19. The non-transitory computer-readable medium of claim 17 or 18, further comprising instructions that, when executed by the at least one processor, cause the computing device to: generate fragment alignment scores for individual fragment alignments of a candidate split group with the reference genome, wherein a fragment alignment score of the fragment alignment scores measures an accuracy of a fragment alignment with respect to the reference genome; and generate a split group score for the candidate split group based on the fragment alignment scores.

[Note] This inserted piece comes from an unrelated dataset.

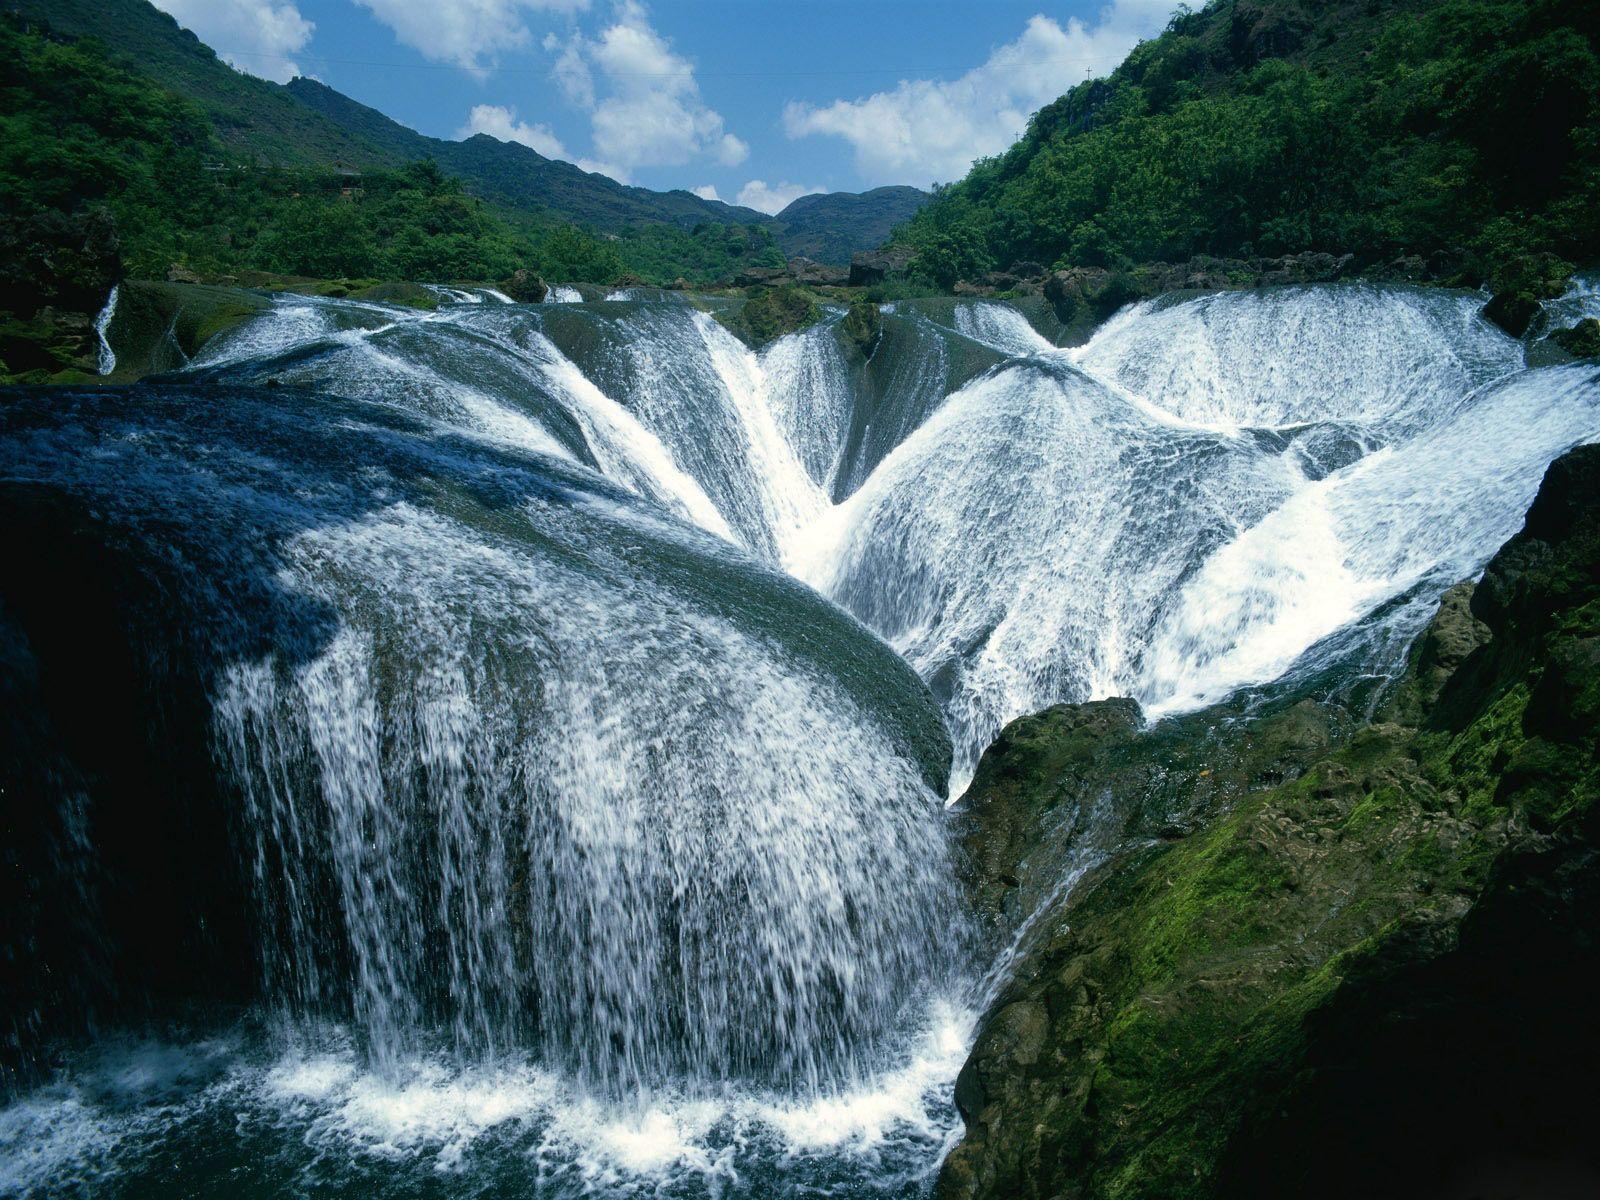 Chang-Jiang-Yangtze River, China

20. The non-transitory computer-readable medium of any one of claims 17-19, further comprising instructions that, when executed by the at least one processor, cause the computing device to: generate, for a candidate split group of the candidate split groups, a penalty for relative geometries of a first fragment alignment of a first alignment orientation with respect to the reference genome and a second fragment alignment of a second alignment orientation with respect to the reference genome; and generate a split group score for the candidate split group based on the penalty for relative geometries of the first fragment alignment and the second fragment alignment.